La Corte ha rilevato in particolare che l'autorizzazione a procedere al trattamento era il risultato di un processo decisionale che era stato influenzato dall'omissione di informazioni essenziali sulla Documentazione dei desideri della signora Pindo Mulla, che erano stati registrati in varie forme e in vari momenti per iscritto. Poiché né la ricorrente né chiunque sia collegato a lei erano stati informati della decisione presa dal giudice in servizio, non era stato possibile rettificare tale omissione. Né questa questione né la questione della sua capacità di prendere una decisione erano state affrontate in modo adeguato nei procedimenti successivi. La corte d'appello nazionale aveva supposto, nel suo rigetto della richiesta della signora Pindo Mulla, che fosse stata in grado di dare o trattenere il consenso, ma ha comunque confermato che il giudice di servizio aveva avuto ragione ad autorizzare qualsiasi trattamento fosse necessario per salvarle la vita.

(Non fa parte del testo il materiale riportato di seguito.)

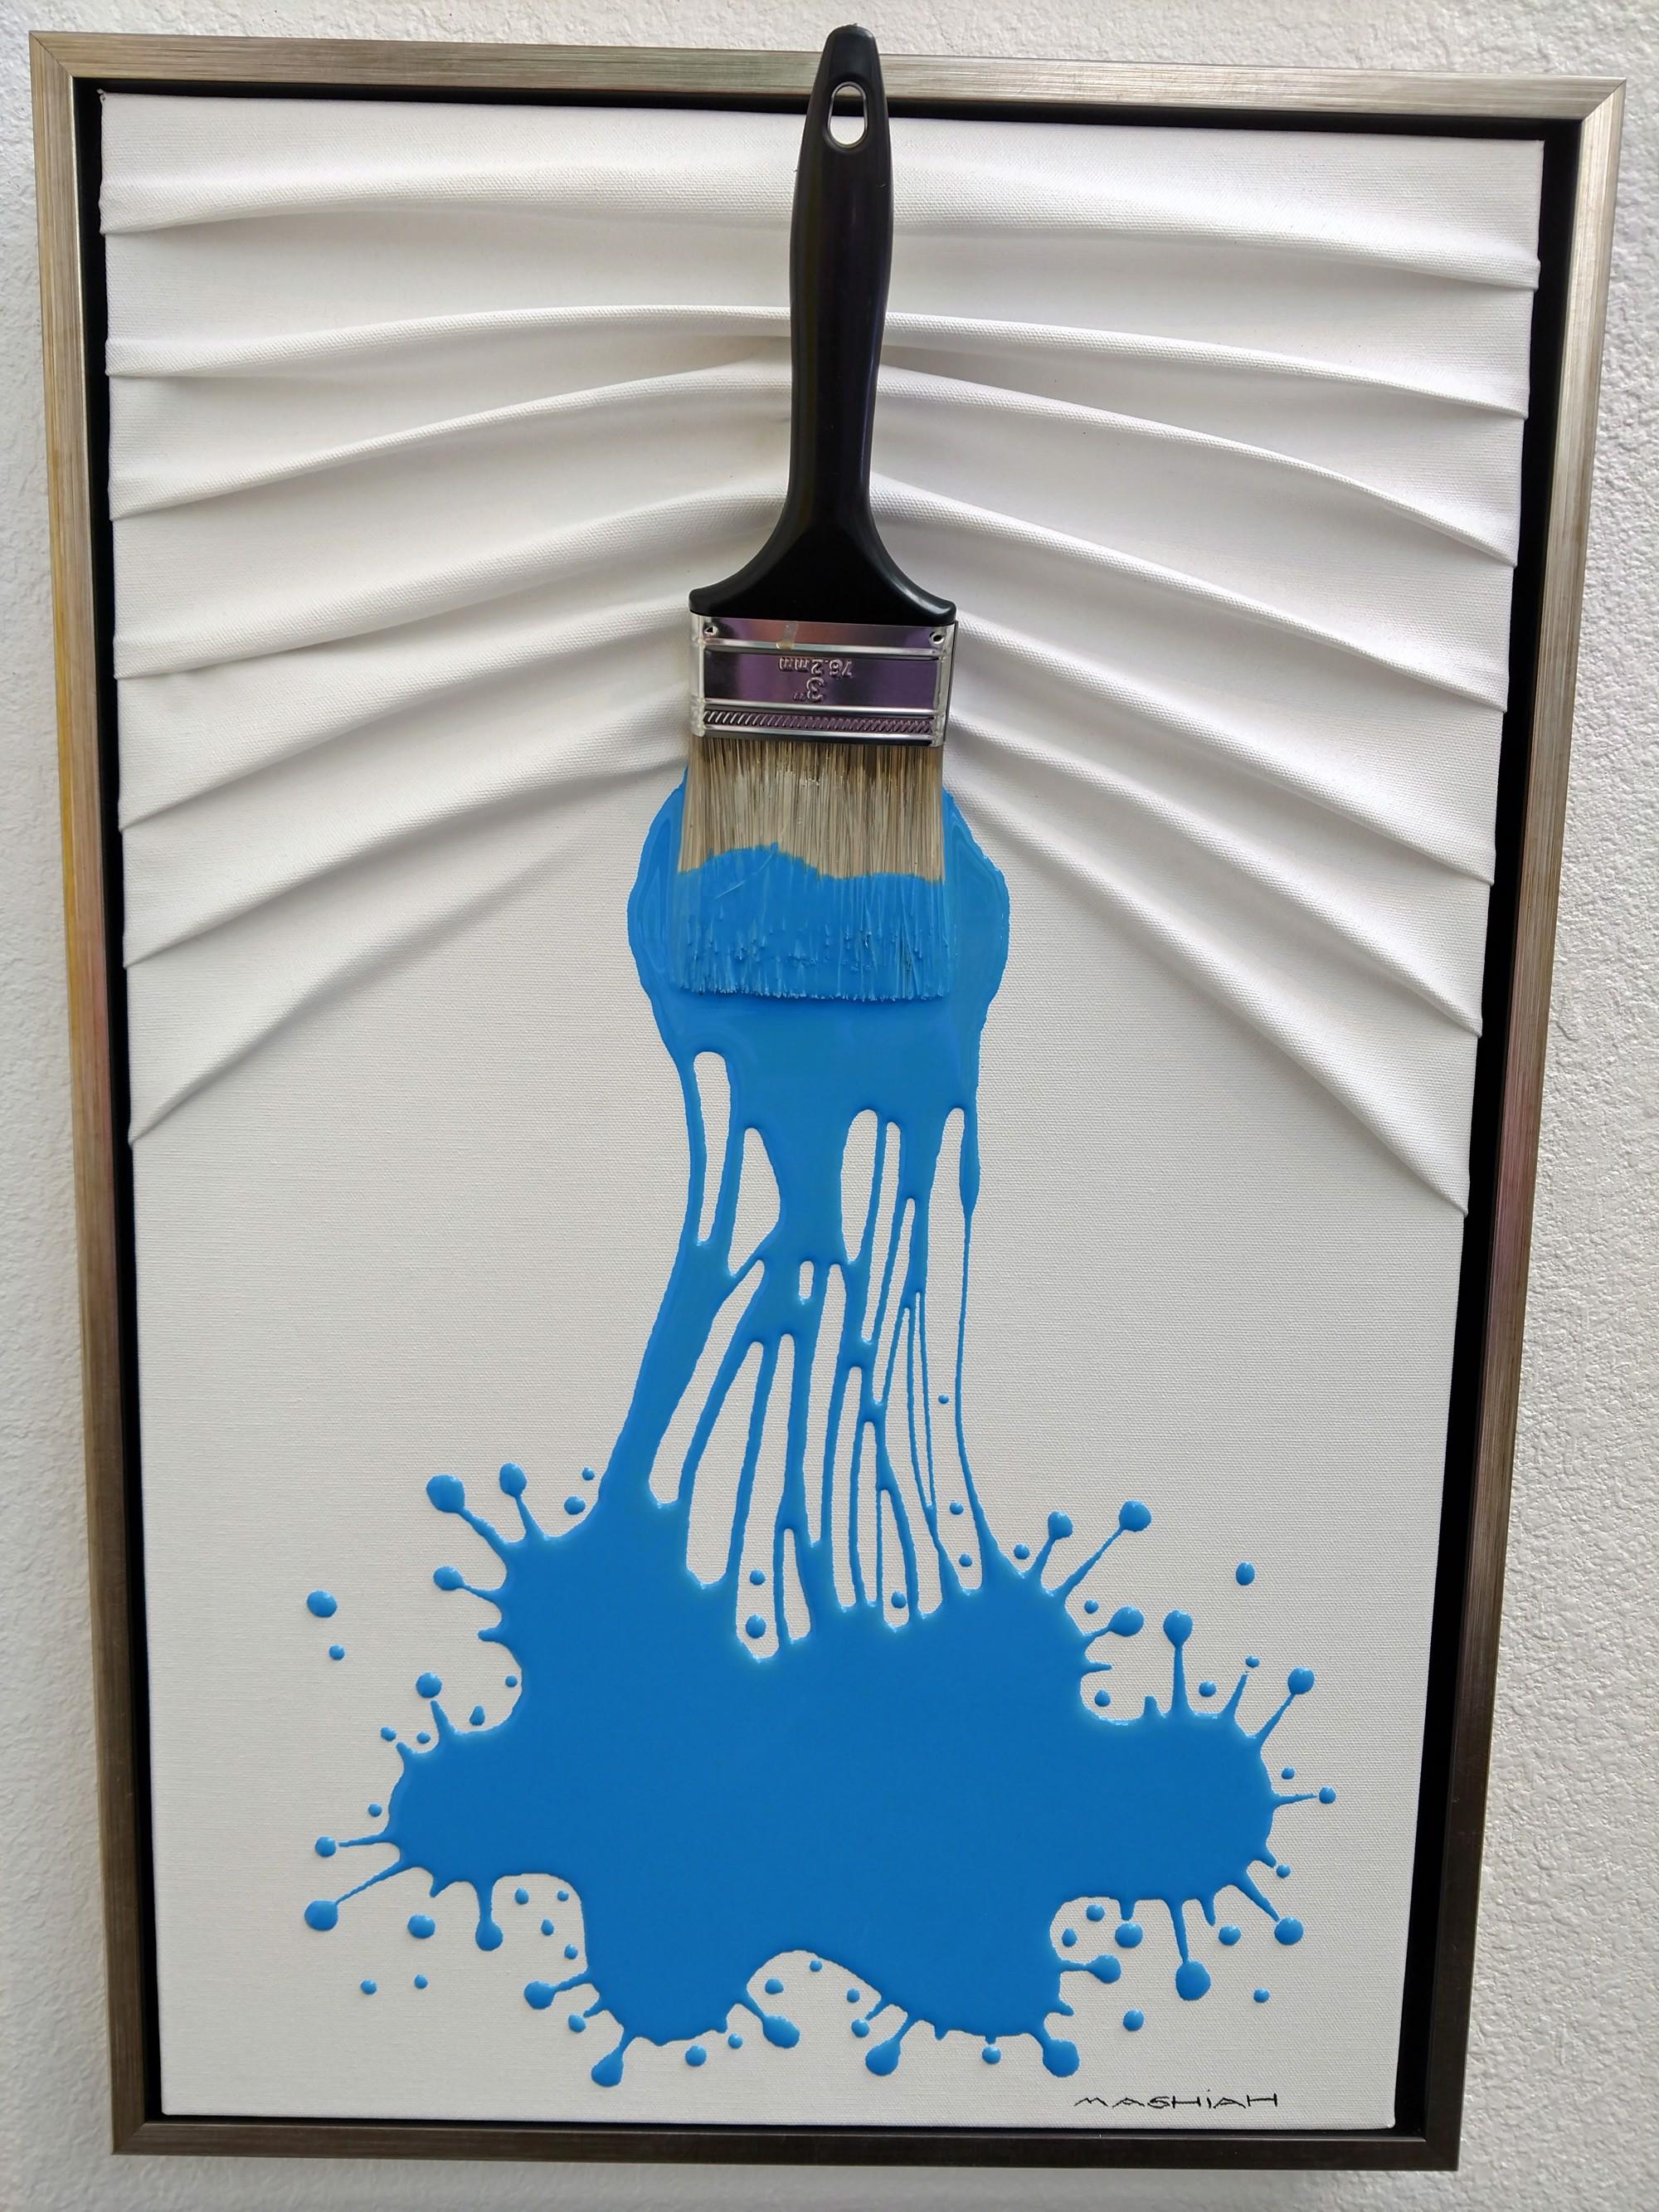 Lets Paint Small Blue on White by Efi Mashiah

Inoltre, una firma mancante su una copia del documento di consenso informato, ottenuta dalla richiedente per la procedura d'appello dall'ospedale di Soria che l'aveva curata, era stata una questione centrale, eppure era rimasta non considerata. Il sistema nazionale non aveva quindi risposto adeguatamente alla denuncia della signora Pindo Mulla secondo cui i suoi desideri erano stati erroneamente annullati. Queste carenze significavano che la signora Pindo Mulla non era stata in grado di esercitare la sua autonomia per osservare un importante insegnamento della sua religione, in violazione del suo diritto al rispetto della vita privata ai sensi dell'articolo 8 della Convenzione, letto alla luce dell'articolo 9.

La Corte ha ritenuto che la Spagna deve pagare al ricorrente 12.000 euro (EUR) in relazione a danni non pecuniari e, all'unanimità, che deve pagare al richiedente 14.000 euro in relazione a costi e spese. La sentenza è disponibile in inglese e francese.